• **Directions for this task**
Repeat the data exactly. Pictures are not part of the copy.

• **Dataset excerpt**
************

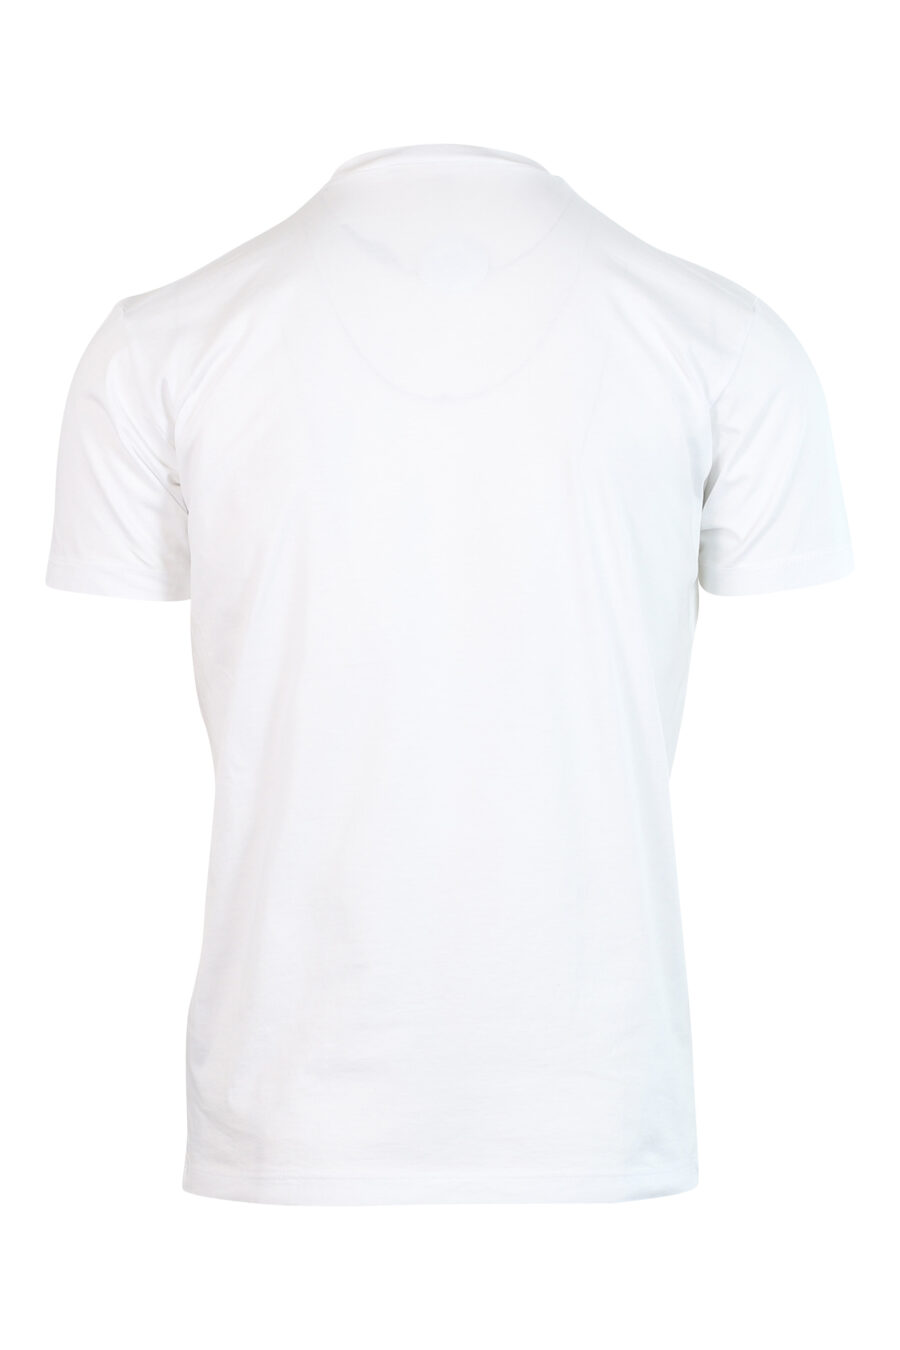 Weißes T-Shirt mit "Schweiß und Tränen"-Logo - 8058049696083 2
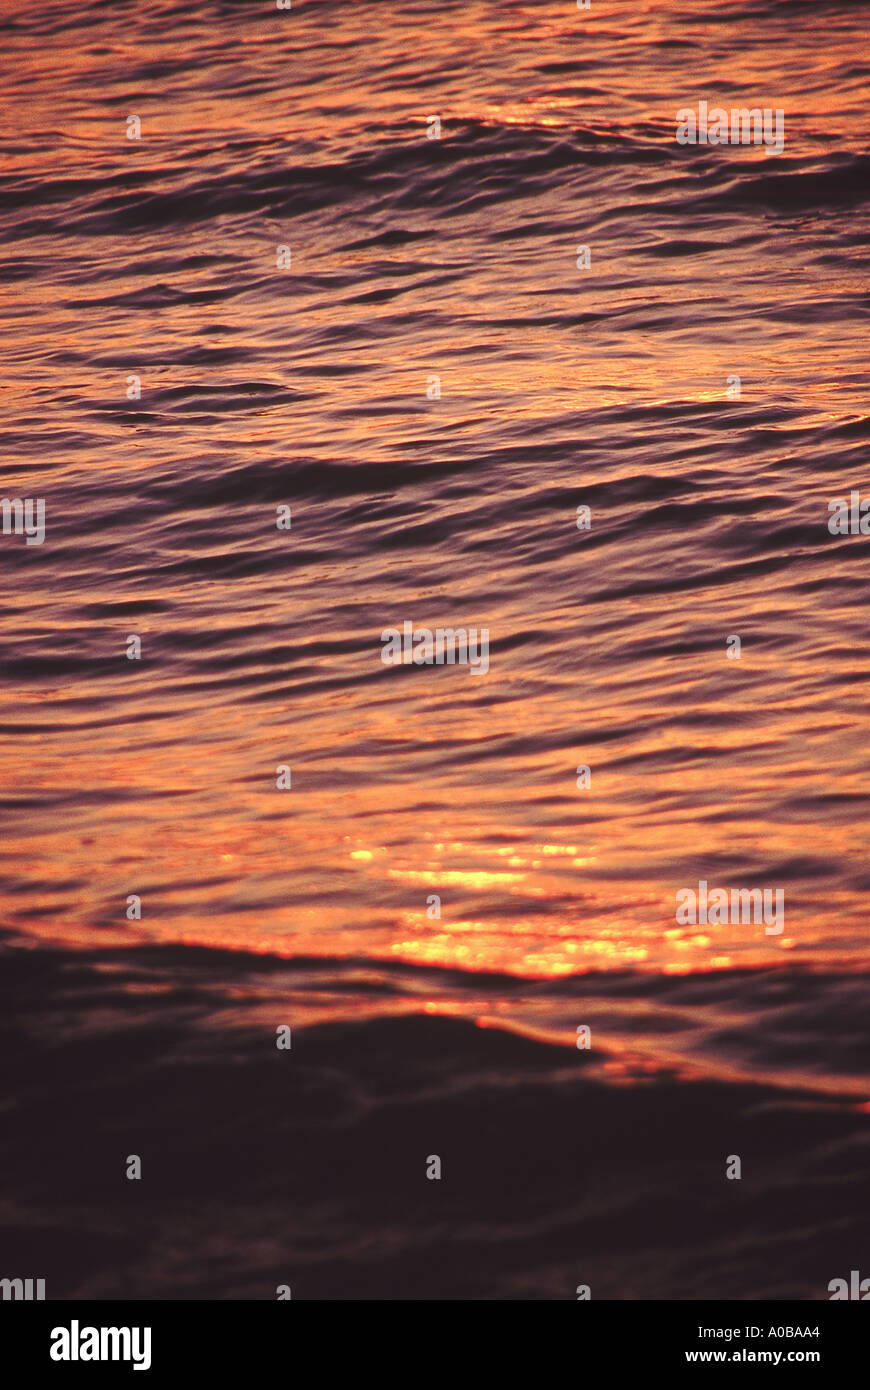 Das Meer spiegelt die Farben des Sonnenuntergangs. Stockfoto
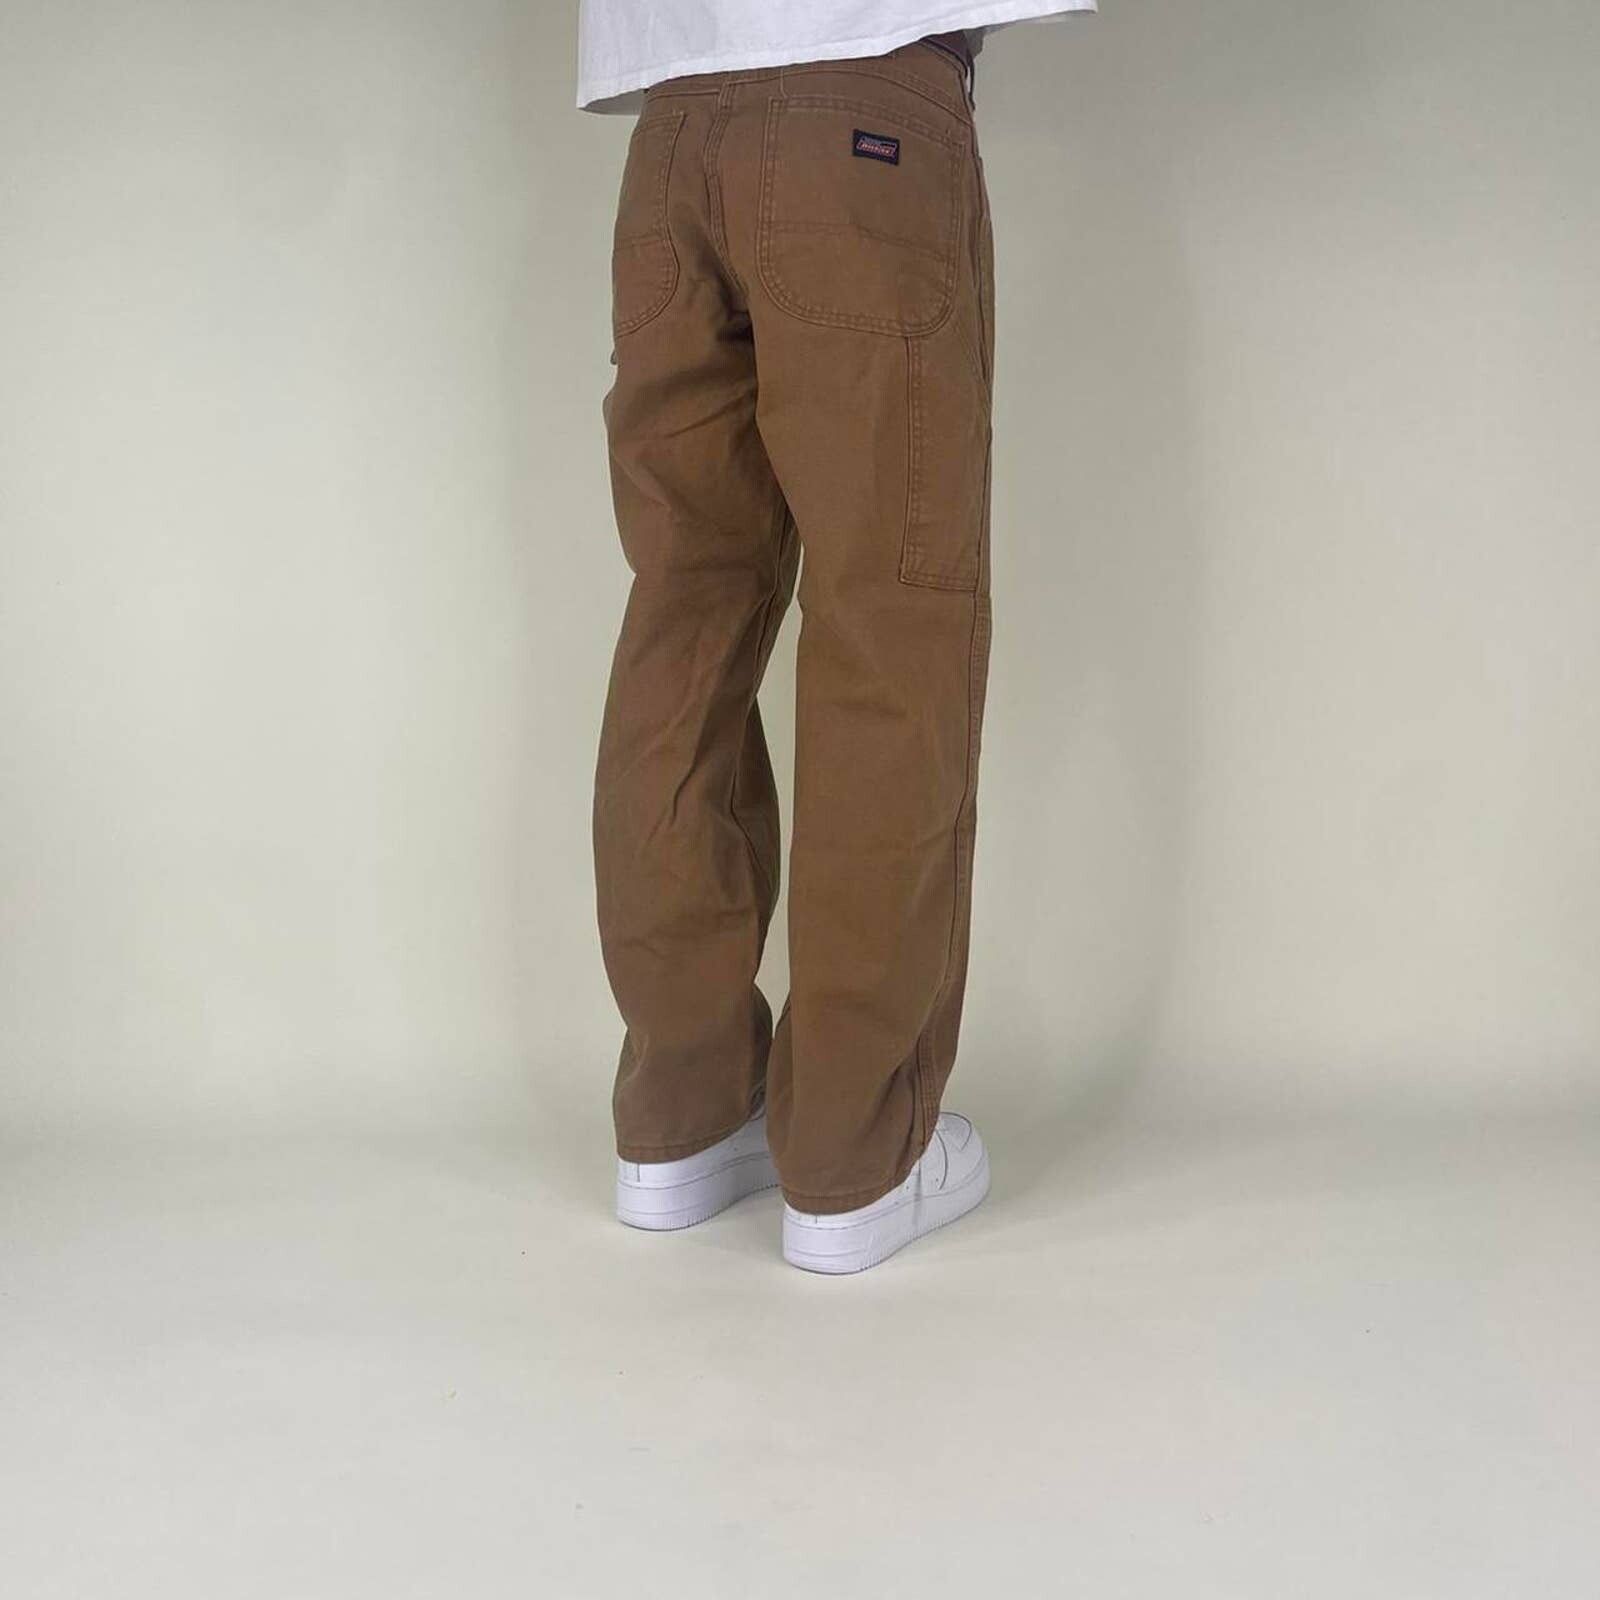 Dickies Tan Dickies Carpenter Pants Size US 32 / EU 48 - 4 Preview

************

• **Solution for this problem**
 Weißes T-Shirt mit "Schweiß und Tränen"-Logo - 8058049696083 2
 Das Meer spiegelt die Farben des Sonnenuntergangs. Stockfoto
 Dickies Tan Dickies Carpenter Pants Size US 32 / EU 48 - 4 Preview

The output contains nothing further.